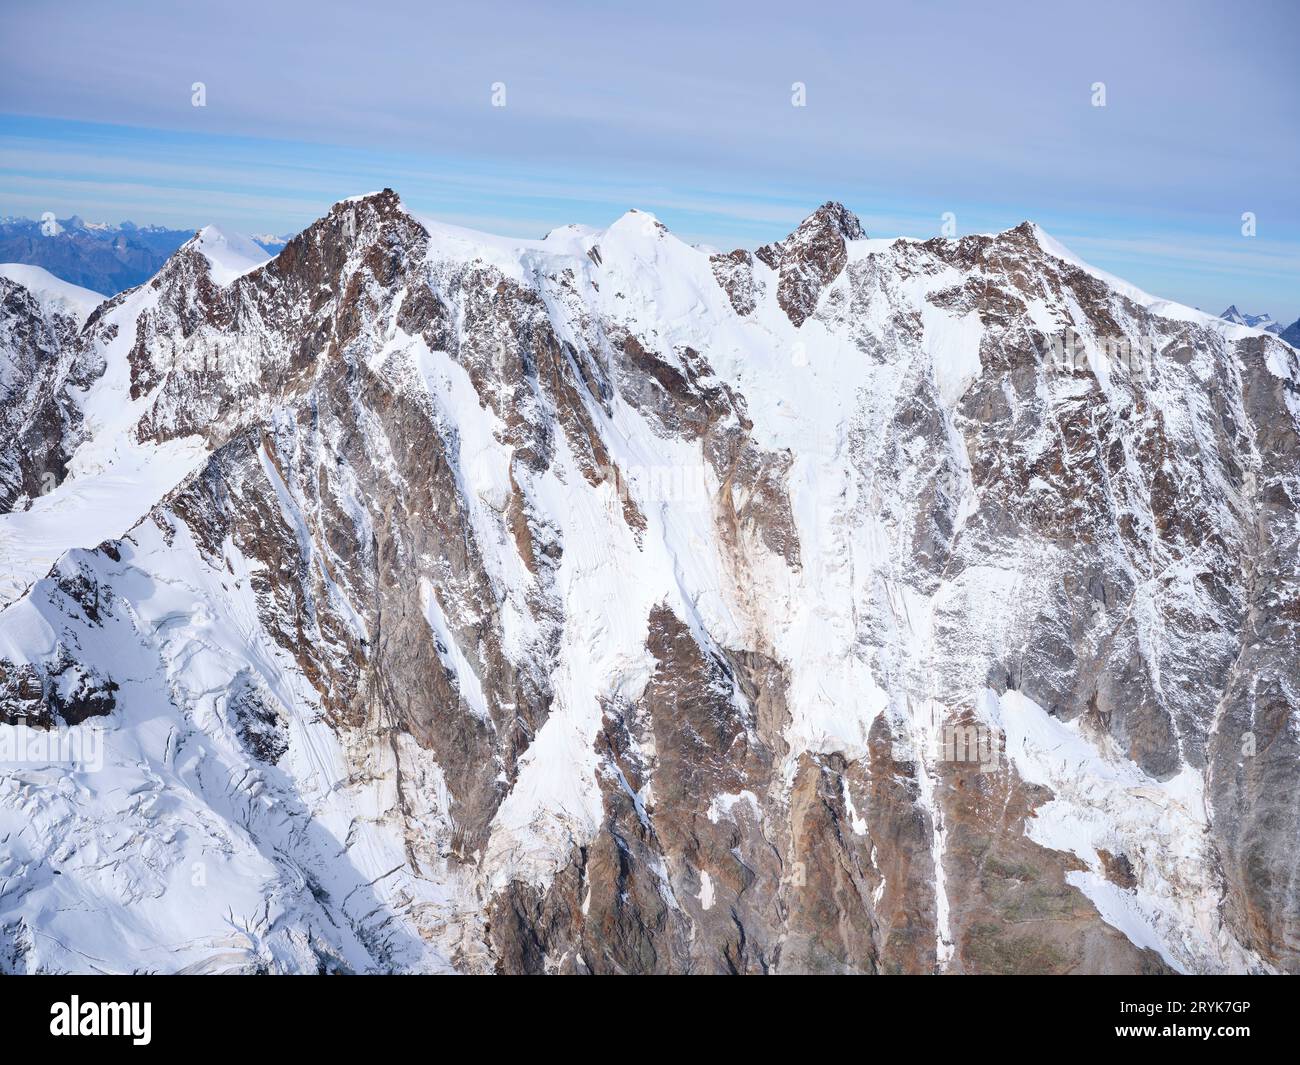 VISTA AEREA. Massiccio del Monte Rosa (quota: 4634 metri) con la sua imponente grande parete orientale. Provincia del Verbano-Cusio-Ossola, Piemonte, Italia. Foto Stock
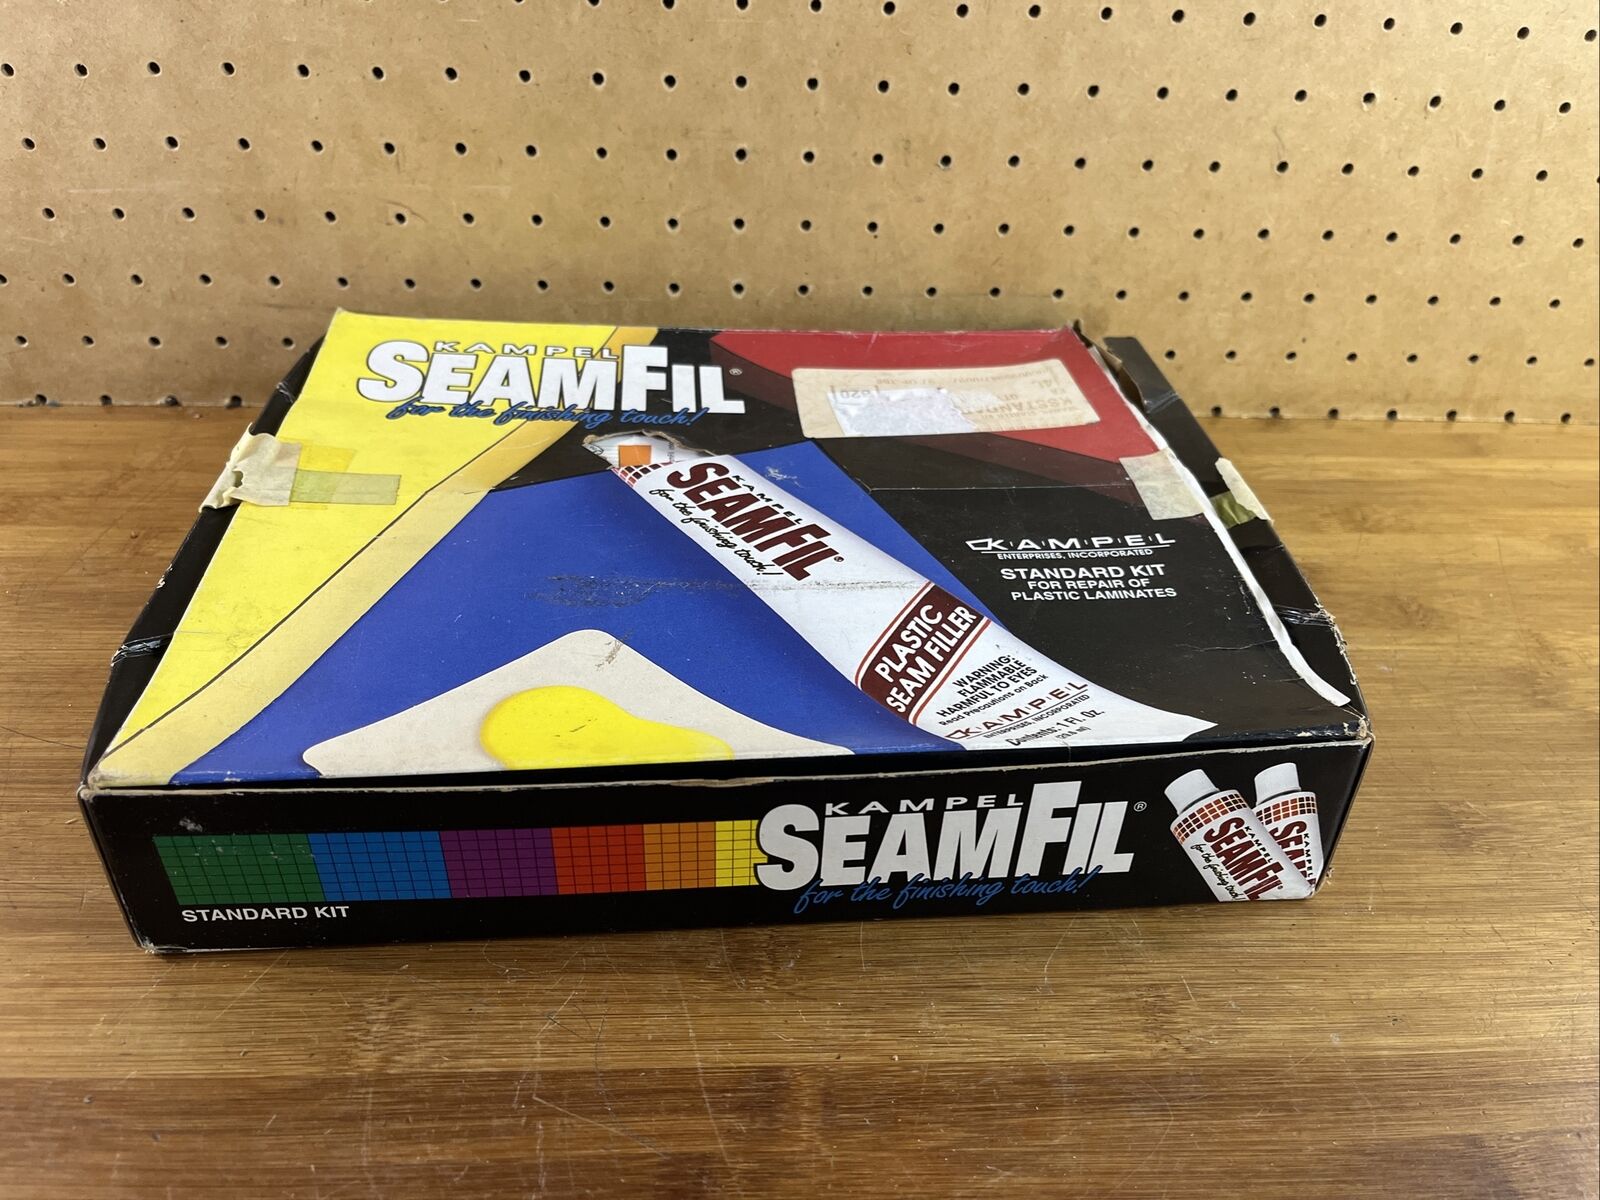 Kampel Seamfil Standard Color Kit For Countertop Laminate Repair Missing Solvent
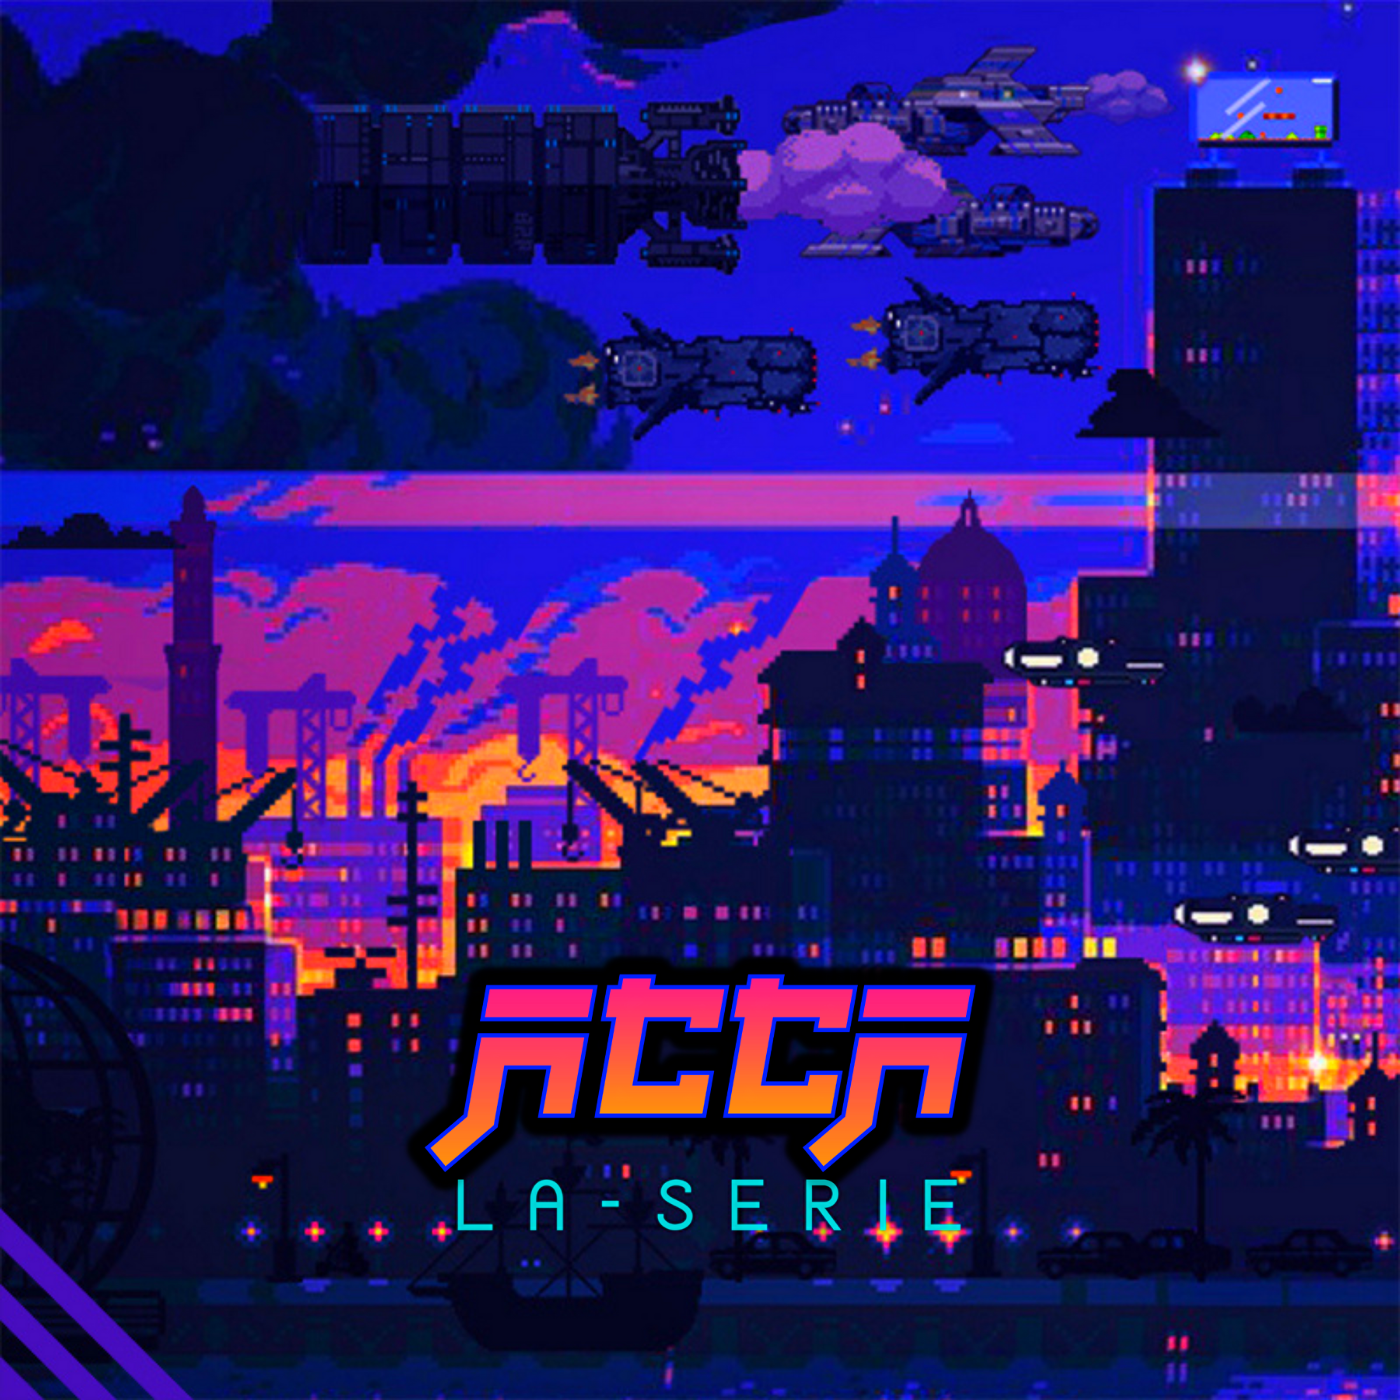 Immagine copertina della seconda puntata della serie ACCA: illustrazione in pixel art, una panoramica di una città italiana futuristica in riva al mare
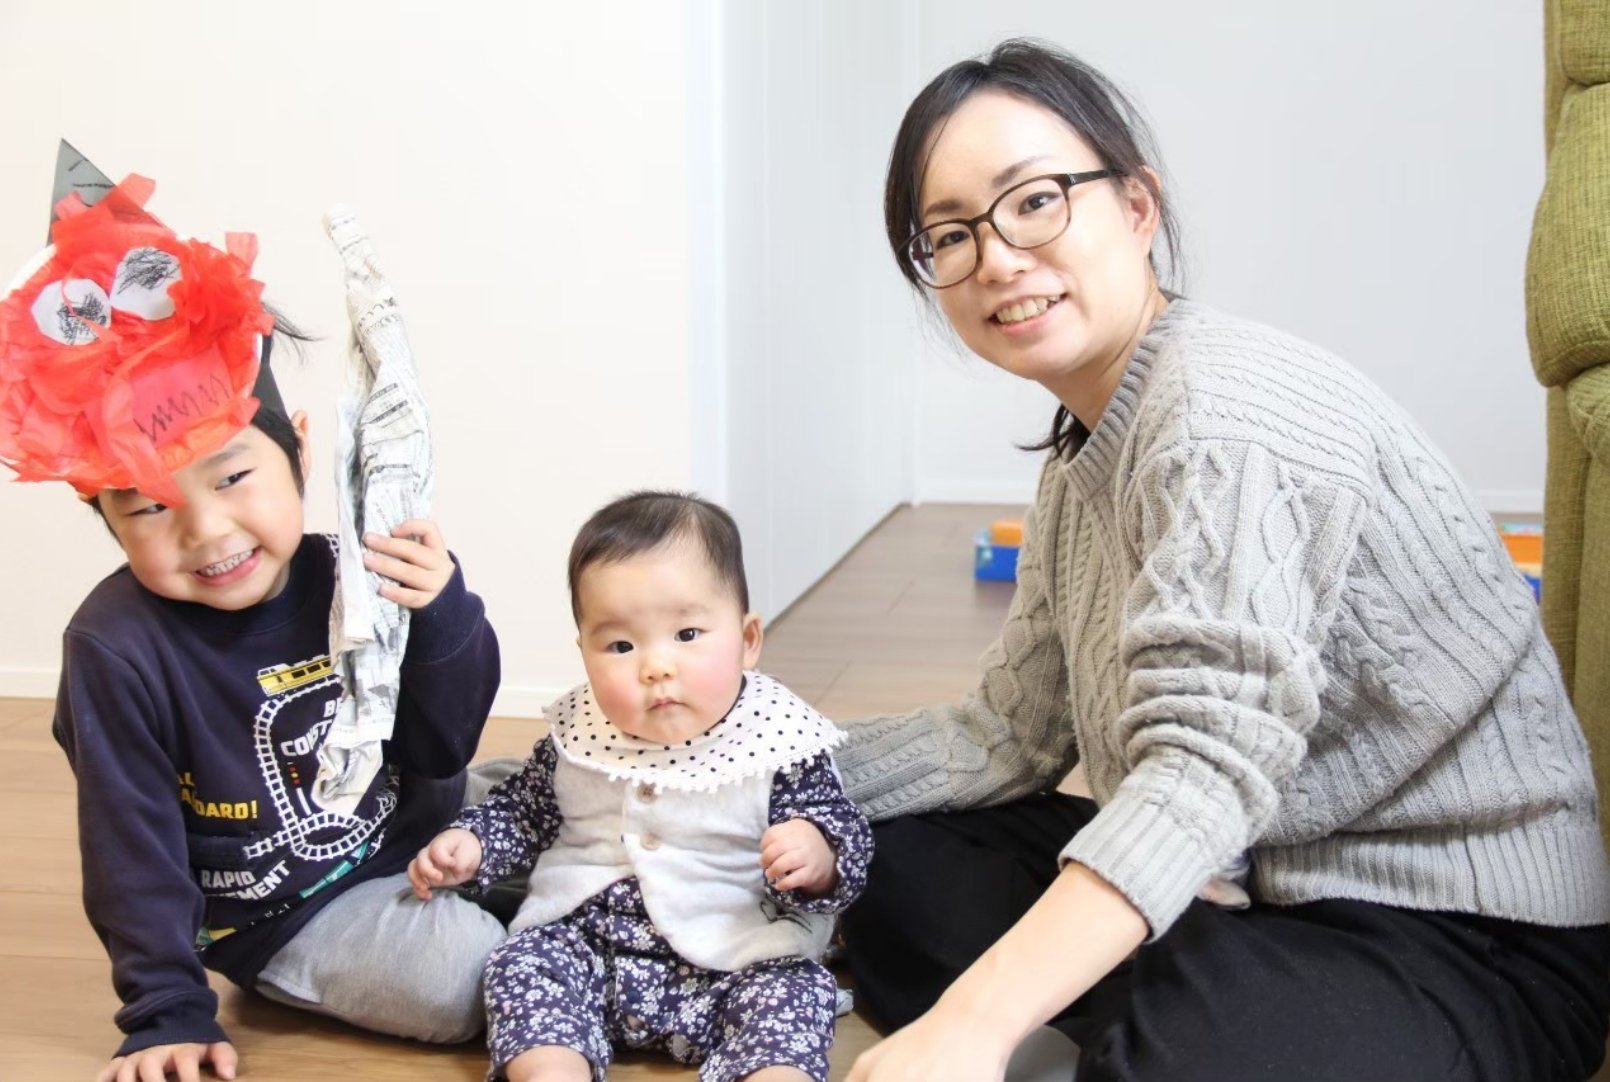 左から、5歳の息子さん、1歳の娘さん、渡邉さん

▶ [WORK TASK] With the images omitted, repeat all the data word for word.

▶ [EXERCISE OUTPUT]
 VISTA AEREA. Massiccio del Monte Rosa (quota: 4634 metri) con la sua imponente grande parete orientale. Provincia del Verbano-Cusio-Ossola, Piemonte, Italia. Foto Stock
 Kampel Seamfil Standard Color Kit For Countertop Laminate Repair Missing Solvent
 Immagine copertina della seconda puntata della serie ACCA: illustrazione in pixel art, una panoramica di una città italiana futuristica in riva al mare
 左から、5歳の息子さん、1歳の娘さん、渡邉さん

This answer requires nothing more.